Résumé généré par IA
Pourquoi c'est important
Suite à la mort de la jeune Lyhanna et à des dysfonctionnements dans le traitement d'une plainte pour viols sur mineure, le ministre de la Justice annonce un plan de numérisation.
Gérald Darmanin, garde des Sceaux, annonce mardi 23 juin sur franceinfo "un choc numérique au ministère de la Justice" et "promet le zéro papier d'ici six mois". Les rapporteurs de la mission d'inspection, déclenchée après la mort de la jeune Lyhanna, ont pointé une série de dysfonctionnements, de la part des magistrats et enquêteurs, notamment dans le traitement de la plainte pour viols sur mineure déposée par la mère de Rosa en août 2025 contre Jérôme Barella. La plainte a été transmise de Toulouse au parquet d'Auch par voie postale avant de se perdre.

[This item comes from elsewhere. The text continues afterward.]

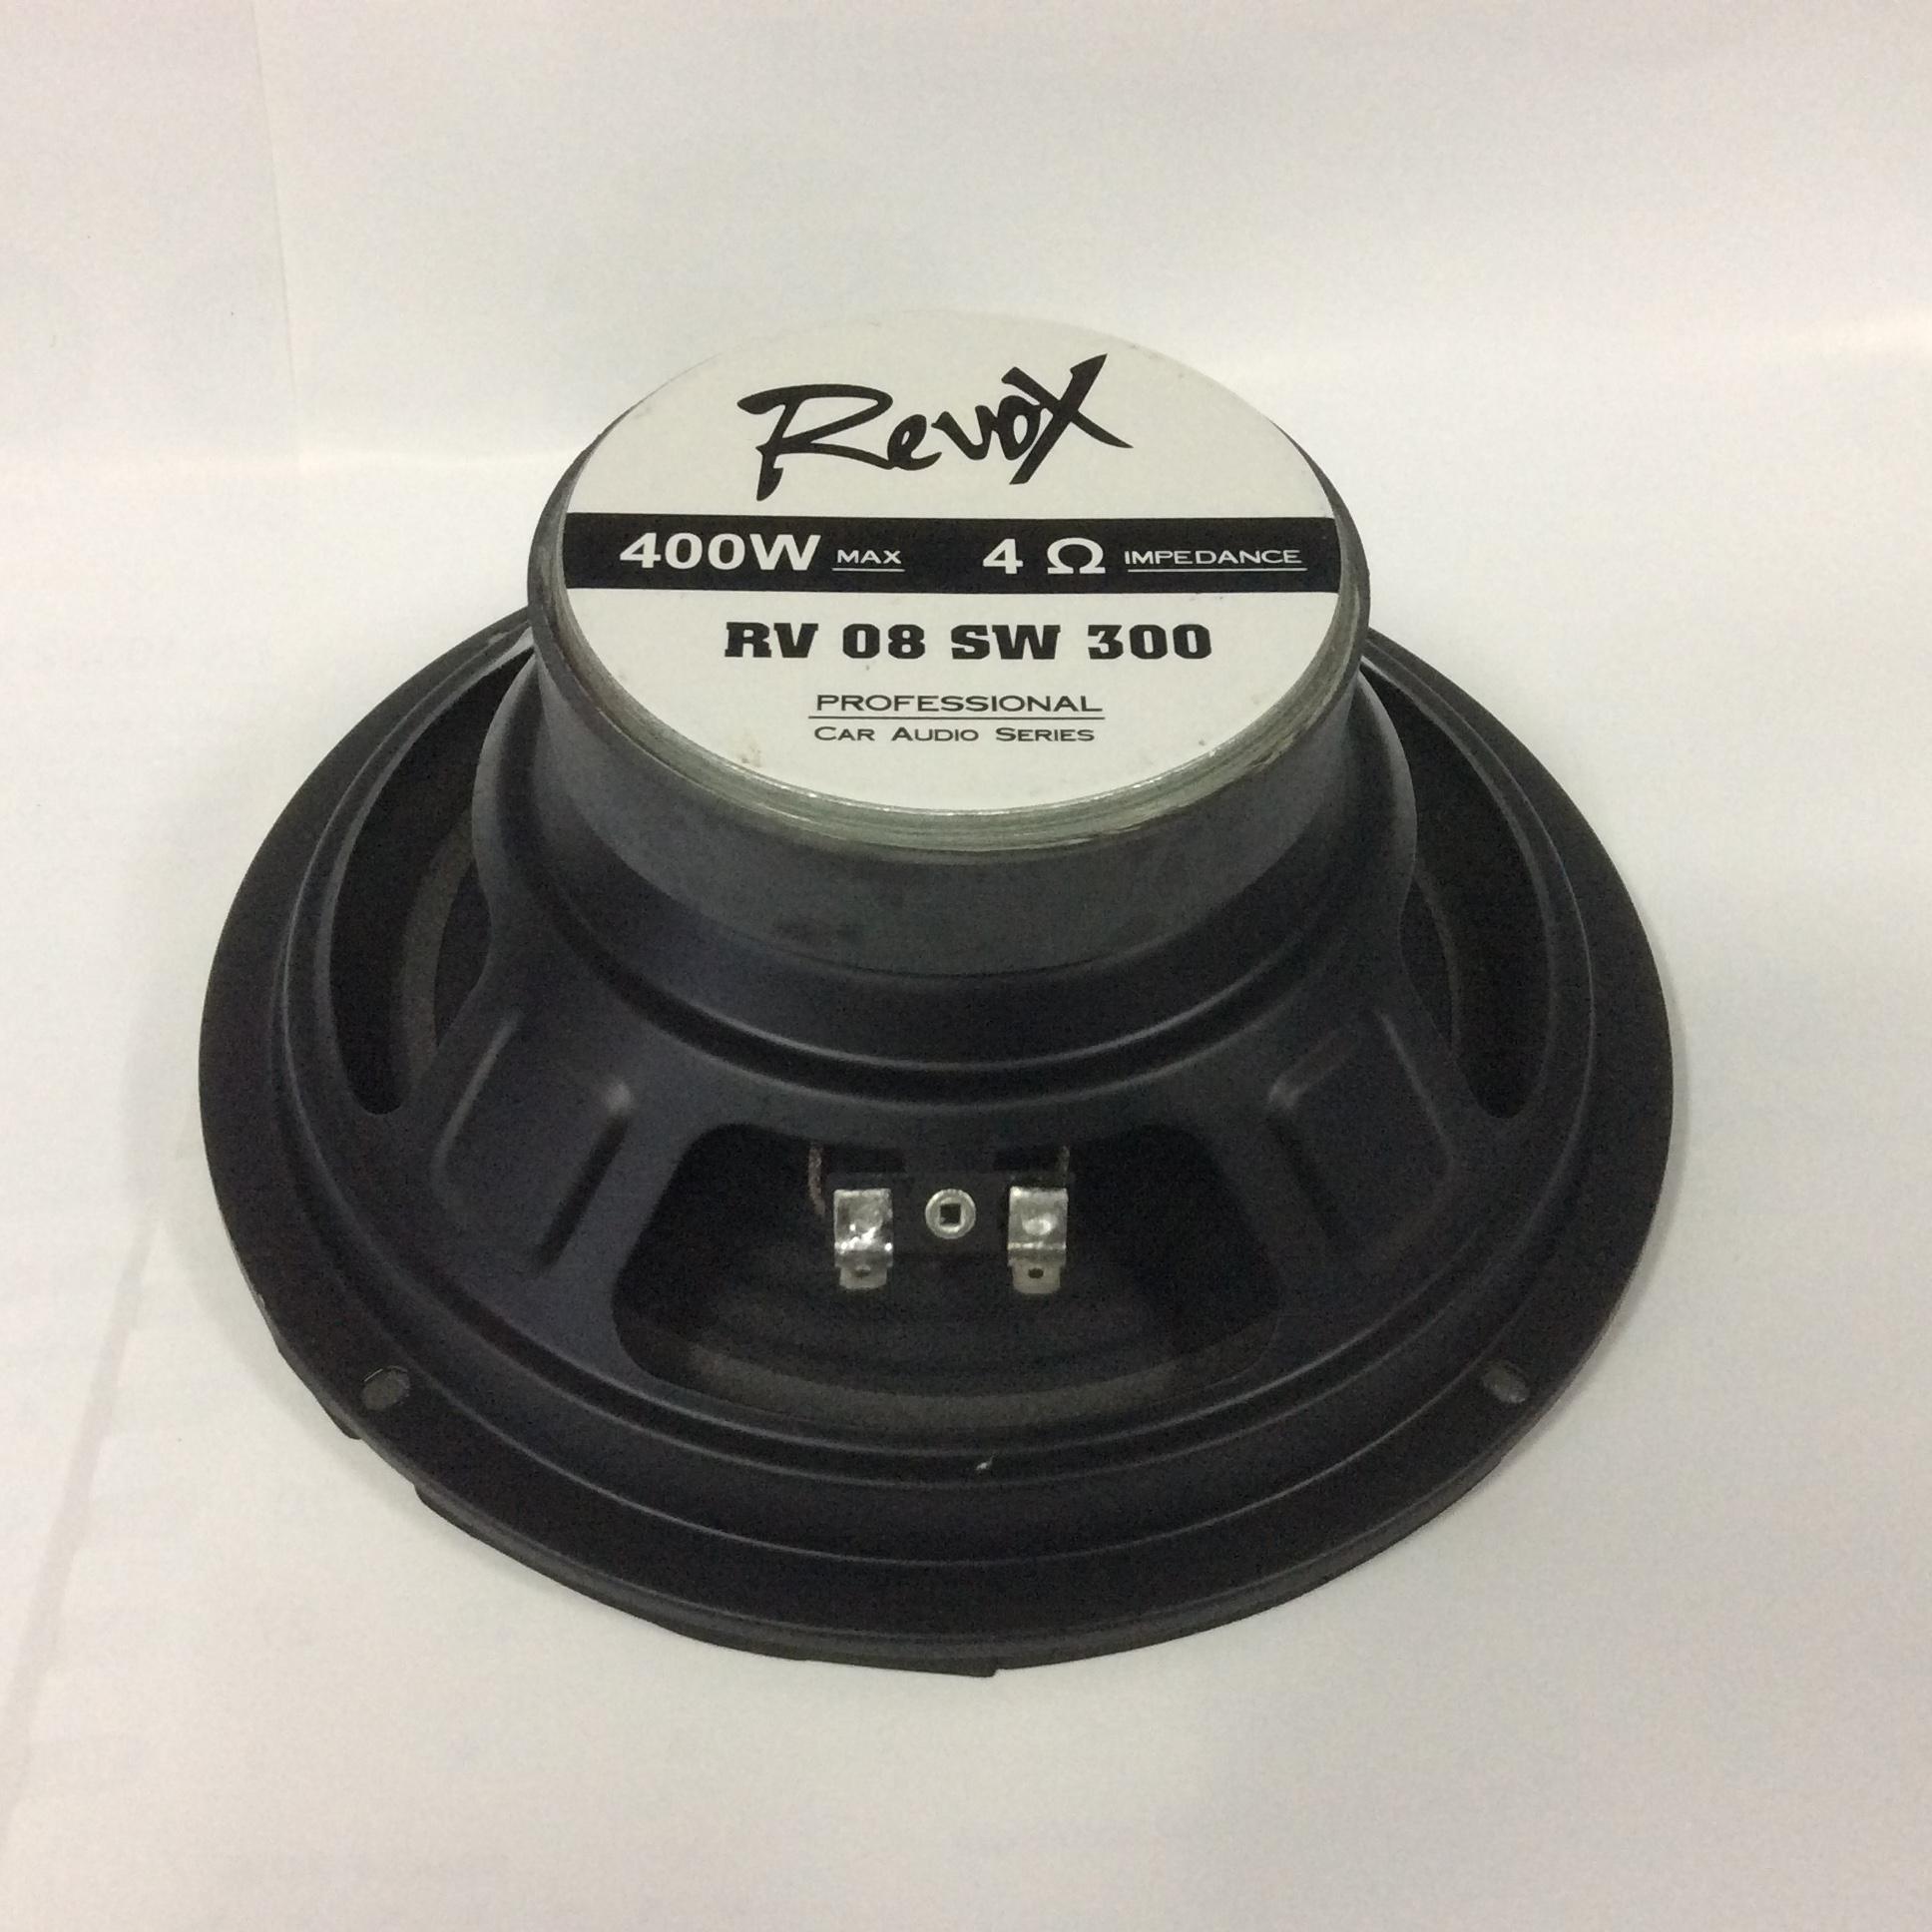 Subwofer 8 inch REVOX RV 08 SW 300. 4 ohm

Le ministre de la Justice explique que ce "choc numérique" a commencé "depuis un an", mais "ce n'est pas si facile que ça avec les moyens que m'a donné le président de la République". "On va tout scanner" avec l'aide de "l'intelligence artificielle dans toutes les juridictions. C'est une réponse structurelle à des difficultés qui existent partout", pointe-t-il. Le garde des Sceaux dénonce de nouveau le retard technologique de son ministère, qu'il qualifie de "préhistoire numérique". À son arrivée, seuls deux tribunaux sur 160 étaient numérisés, contre une quasi-totalité aujourd'hui, selon lui.
"Numériser l'intégralité de toutes les juridictions"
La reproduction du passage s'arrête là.